▶ [Goal of the exercise]: Would you please copy every line of the material that follows, exactly as it reads?

▶ [Input data]:
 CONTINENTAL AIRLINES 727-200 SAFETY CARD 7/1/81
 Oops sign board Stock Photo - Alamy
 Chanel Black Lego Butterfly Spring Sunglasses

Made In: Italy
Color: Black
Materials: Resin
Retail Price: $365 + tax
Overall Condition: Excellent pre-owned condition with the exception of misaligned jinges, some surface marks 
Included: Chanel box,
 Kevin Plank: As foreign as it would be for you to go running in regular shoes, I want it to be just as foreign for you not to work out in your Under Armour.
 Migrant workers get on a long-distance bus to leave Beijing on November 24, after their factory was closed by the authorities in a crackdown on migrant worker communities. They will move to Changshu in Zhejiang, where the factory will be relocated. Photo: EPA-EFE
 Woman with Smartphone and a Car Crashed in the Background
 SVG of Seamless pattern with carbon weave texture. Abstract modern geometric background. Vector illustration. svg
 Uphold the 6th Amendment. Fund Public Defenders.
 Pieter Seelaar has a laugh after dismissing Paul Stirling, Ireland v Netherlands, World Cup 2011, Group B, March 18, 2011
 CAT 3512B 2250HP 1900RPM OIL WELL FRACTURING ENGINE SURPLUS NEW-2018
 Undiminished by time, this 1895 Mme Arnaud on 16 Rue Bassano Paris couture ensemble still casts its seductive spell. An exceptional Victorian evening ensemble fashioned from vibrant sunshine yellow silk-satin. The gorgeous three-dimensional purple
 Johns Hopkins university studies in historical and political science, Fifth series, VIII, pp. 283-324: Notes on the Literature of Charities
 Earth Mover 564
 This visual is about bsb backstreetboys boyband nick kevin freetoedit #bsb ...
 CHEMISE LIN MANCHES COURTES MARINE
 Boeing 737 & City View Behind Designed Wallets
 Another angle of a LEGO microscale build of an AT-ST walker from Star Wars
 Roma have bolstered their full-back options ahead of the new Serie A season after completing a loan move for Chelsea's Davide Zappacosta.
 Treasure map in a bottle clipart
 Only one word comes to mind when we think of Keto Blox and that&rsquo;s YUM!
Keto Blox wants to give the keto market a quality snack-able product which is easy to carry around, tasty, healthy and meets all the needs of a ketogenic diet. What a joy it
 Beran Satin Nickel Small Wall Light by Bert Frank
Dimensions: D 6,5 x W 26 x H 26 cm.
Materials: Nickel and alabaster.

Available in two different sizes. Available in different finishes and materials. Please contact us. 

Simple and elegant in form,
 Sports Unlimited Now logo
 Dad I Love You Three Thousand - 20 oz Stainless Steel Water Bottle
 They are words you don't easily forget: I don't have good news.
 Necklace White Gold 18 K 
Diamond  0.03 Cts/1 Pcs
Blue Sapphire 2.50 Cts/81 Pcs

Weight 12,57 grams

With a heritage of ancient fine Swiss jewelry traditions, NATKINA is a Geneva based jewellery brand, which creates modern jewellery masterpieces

▶ [Answer space]:
 CONTINENTAL AIRLINES 727-200 SAFETY CARD 7/1/81
 Oops sign board Stock Photo - Alamy
 Chanel Black Lego Butterfly Spring Sunglasses

Made In: Italy
Color: Black
Materials: Resin
Retail Price: $365 + tax
Overall Condition: Excellent pre-owned condition with the exception of misaligned jinges, some surface marks 
Included: Chanel box,
 Kevin Plank: As foreign as it would be for you to go running in regular shoes, I want it to be just as foreign for you not to work out in your Under Armour.
 Migrant workers get on a long-distance bus to leave Beijing on November 24, after their factory was closed by the authorities in a crackdown on migrant worker communities. They will move to Changshu in Zhejiang, where the factory will be relocated. Photo: EPA-EFE
 Woman with Smartphone and a Car Crashed in the Background
 SVG of Seamless pattern with carbon weave texture. Abstract modern geometric background. Vector illustration. svg
 Uphold the 6th Amendment. Fund Public Defenders.
 Pieter Seelaar has a laugh after dismissing Paul Stirling, Ireland v Netherlands, World Cup 2011, Group B, March 18, 2011
 CAT 3512B 2250HP 1900RPM OIL WELL FRACTURING ENGINE SURPLUS NEW-2018
 Undiminished by time, this 1895 Mme Arnaud on 16 Rue Bassano Paris couture ensemble still casts its seductive spell. An exceptional Victorian evening ensemble fashioned from vibrant sunshine yellow silk-satin. The gorgeous three-dimensional purple
 Johns Hopkins university studies in historical and political science, Fifth series, VIII, pp. 283-324: Notes on the Literature of Charities
 Earth Mover 564
 This visual is about bsb backstreetboys boyband nick kevin freetoedit #bsb ...
 CHEMISE LIN MANCHES COURTES MARINE
 Boeing 737 & City View Behind Designed Wallets
 Another angle of a LEGO microscale build of an AT-ST walker from Star Wars
 Roma have bolstered their full-back options ahead of the new Serie A season after completing a loan move for Chelsea's Davide Zappacosta.
 Treasure map in a bottle clipart
 Only one word comes to mind when we think of Keto Blox and that&rsquo;s YUM!
Keto Blox wants to give the keto market a quality snack-able product which is easy to carry around, tasty, healthy and meets all the needs of a ketogenic diet. What a joy it
 Beran Satin Nickel Small Wall Light by Bert Frank
Dimensions: D 6,5 x W 26 x H 26 cm.
Materials: Nickel and alabaster.

Available in two different sizes. Available in different finishes and materials. Please contact us. 

Simple and elegant in form,
 Sports Unlimited Now logo
 Dad I Love You Three Thousand - 20 oz Stainless Steel Water Bottle
 They are words you don't easily forget: I don't have good news.
 Necklace White Gold 18 K 
Diamond  0.03 Cts/1 Pcs
Blue Sapphire 2.50 Cts/81 Pcs

Weight 12,57 grams

With a heritage of ancient fine Swiss jewelry traditions, NATKINA is a Geneva based jewellery brand, which creates modern jewellery masterpieces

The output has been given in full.